Single by Big Star

from the album #1 Record
- A-side: "When My Baby's Beside Me"
- Released: August 1972
- Recorded: Summer–Fall 1971,; Ardent Studios, Memphis;
- Genre: Power pop
- Length: 2:53
- Label: Ardent
- Songwriters: Chris Bell; Alex Chilton;
- Producer: John Fry

= In the Street (song) =

Song by Big Star released in 1972

"In the Street" is a song by the American rock band Big Star. It was written by Chris Bell and Alex Chilton. The song was featured on their 1972 debut album #1 Record. The song was the B-side of their first single, "When My Baby's Beside Me." Lead vocals on "In the Street" were handled by Chris Bell. An altered cover version became the theme song of That '70s Show.

SingersRoom critic Simon Robinson rated it Big Star's 8th best song, praising the "catchy, upbeat melody that perfectly captures the sense of freedom and excitement that comes with youth and rebellion" and the "poetic and evocative" lyrics.

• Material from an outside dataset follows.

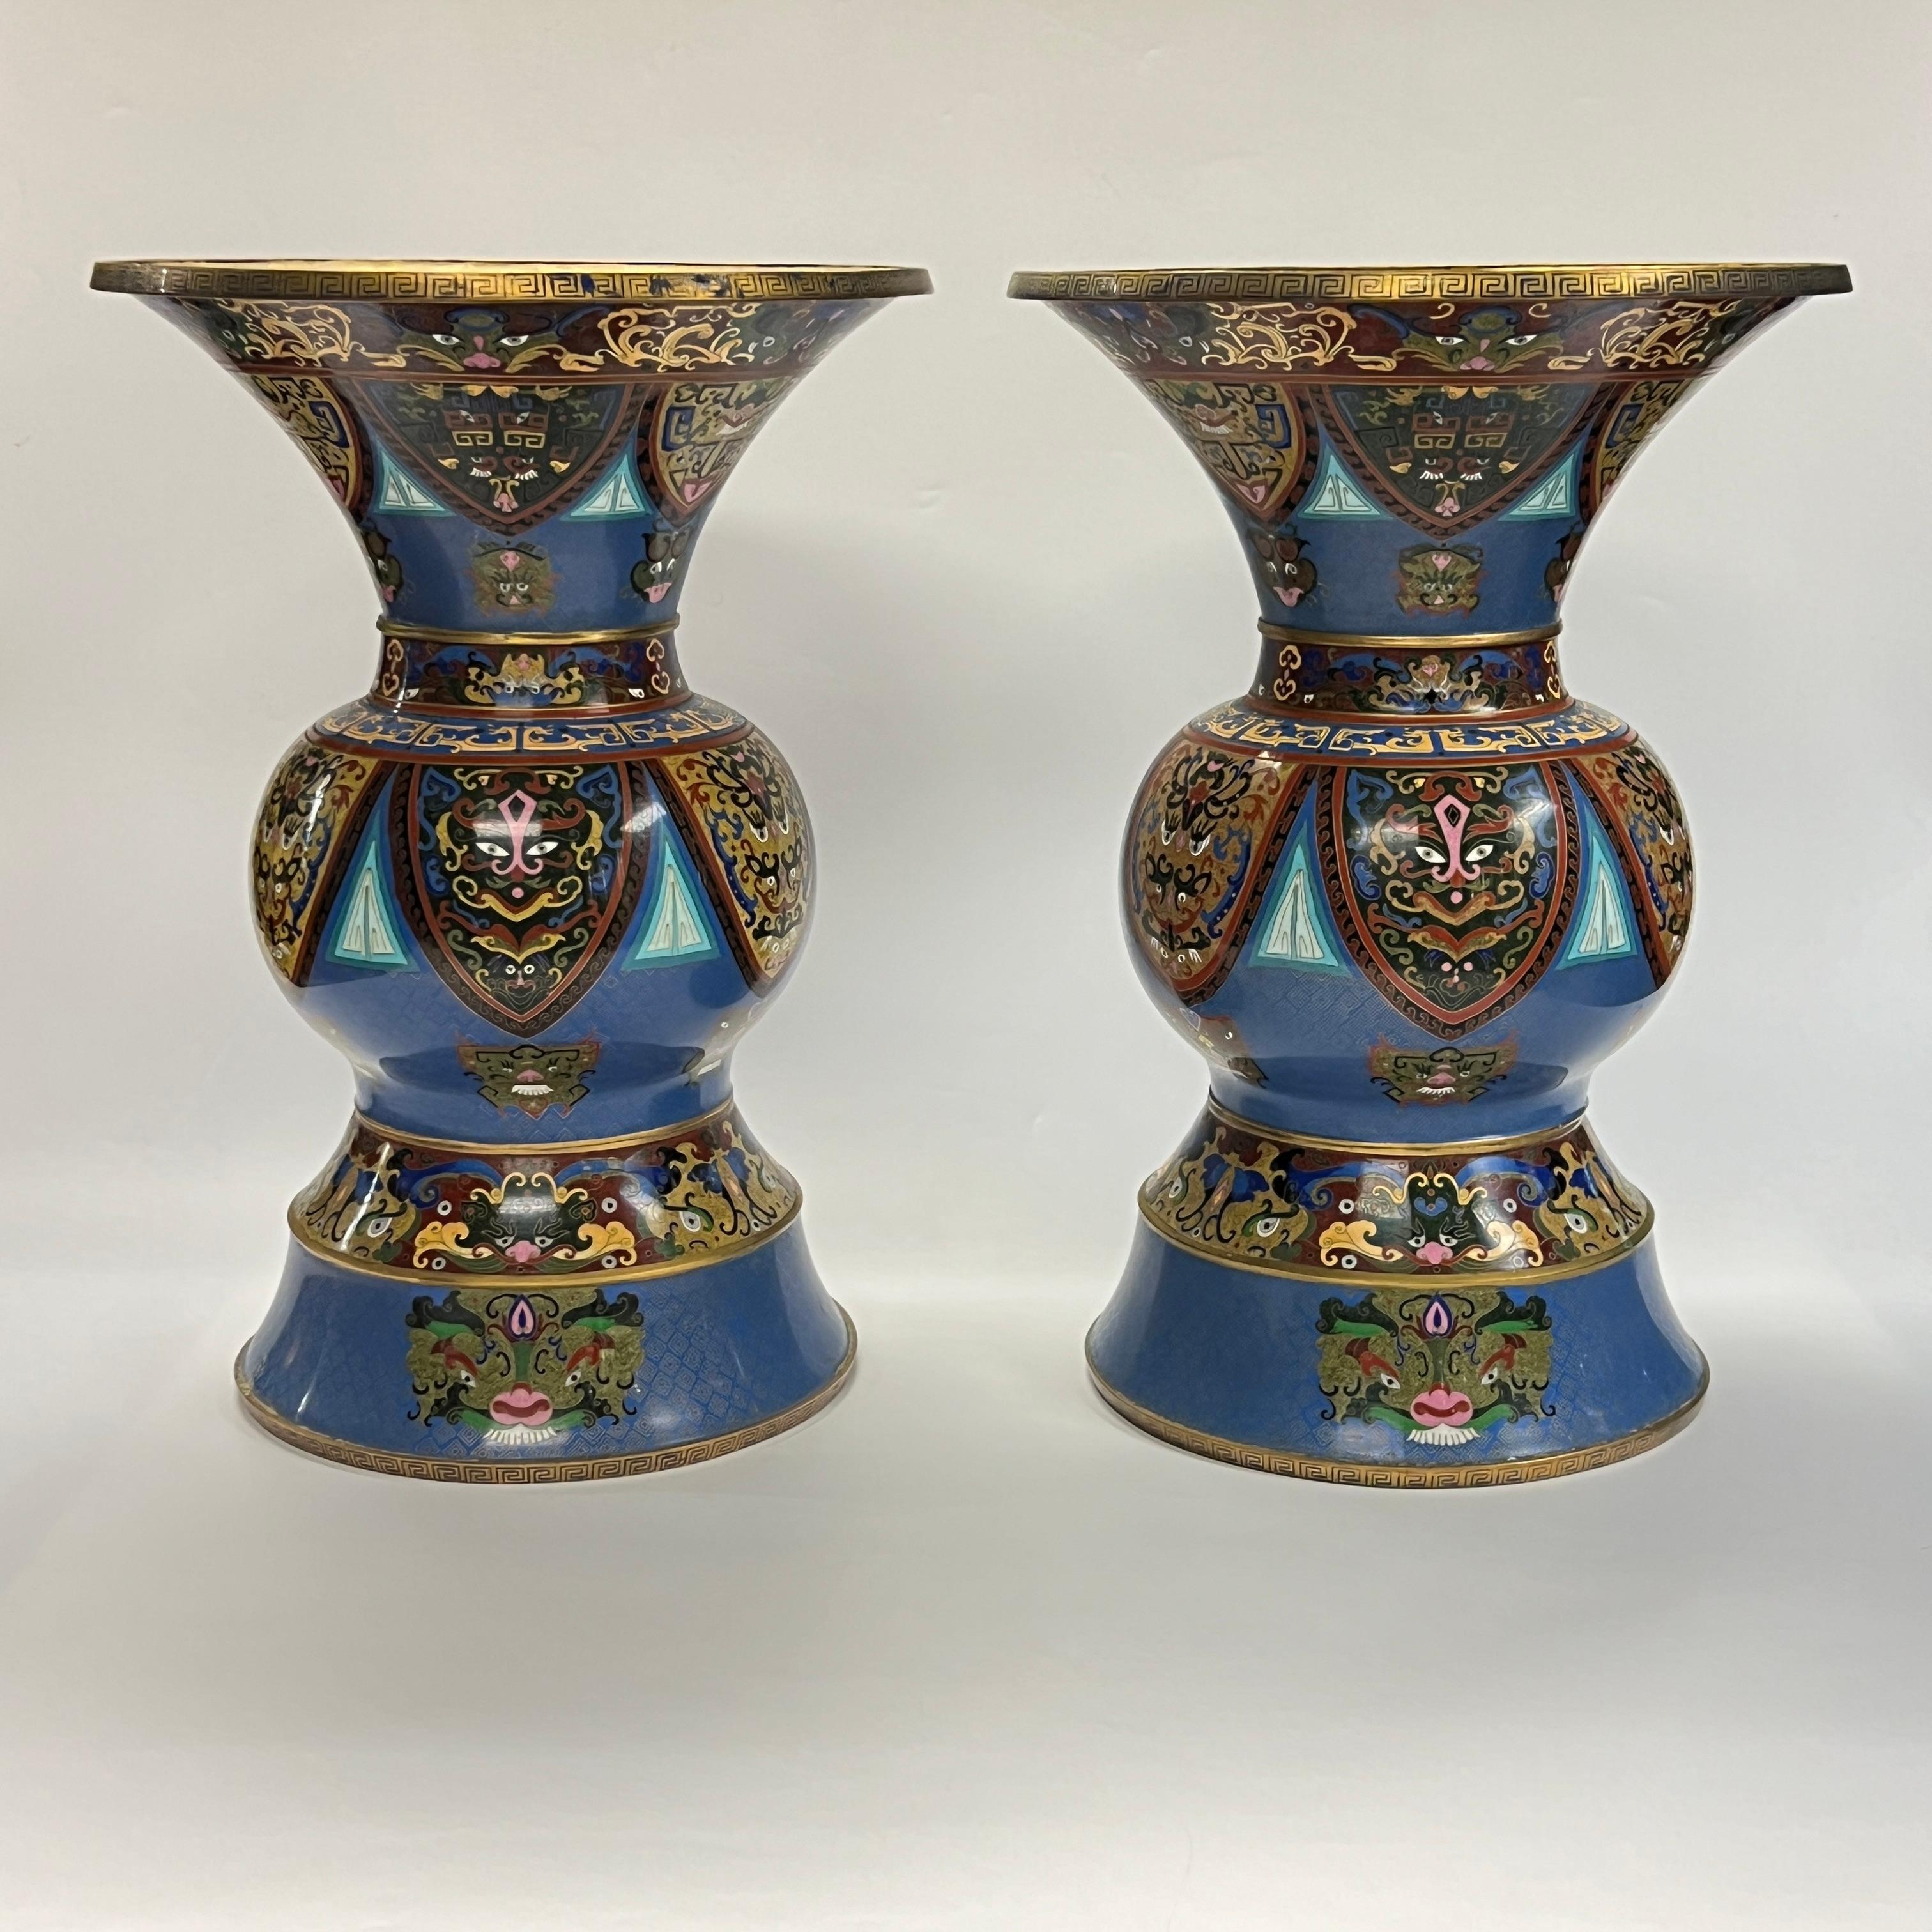 Paar sehr große und feinste Qualität, 24 Zoll hoch, antike chinesische Cloisonné-Vasen mit weit ausladenden Rändern mit feinen Cloisonné-Emaille-Motiven, darunter Foo-Löwen und exotische Masken.

==Track listings and formats==
- 7" vinyl
1. "In the Street" – 2:55
2. "When My Baby's Beside Me" – 3:20

==Personnel ==

- Chris Bell - vocals, rhythm guitars
- Alex Chilton - lead guitars, vocals
- Andy Hummel - bass guitar, vocals
- Jody Stephens - drums, percussion, vocals

==Cover versions==
"In the Street" was recorded by Todd Griffin as "That '70s Song" with additional lyrics by Ben Vaughn as the theme song for the first season of That '70s Show. Another recording of "That '70s Song" by Cheap Trick was used as the theme in the later seasons and it was also performed by Brett Anderson in the sequel series That '90s Show. The Cheap Trick version was released on the That '70s Album soundtrack album and another version was released on their Authorized Greatest Hits compilation.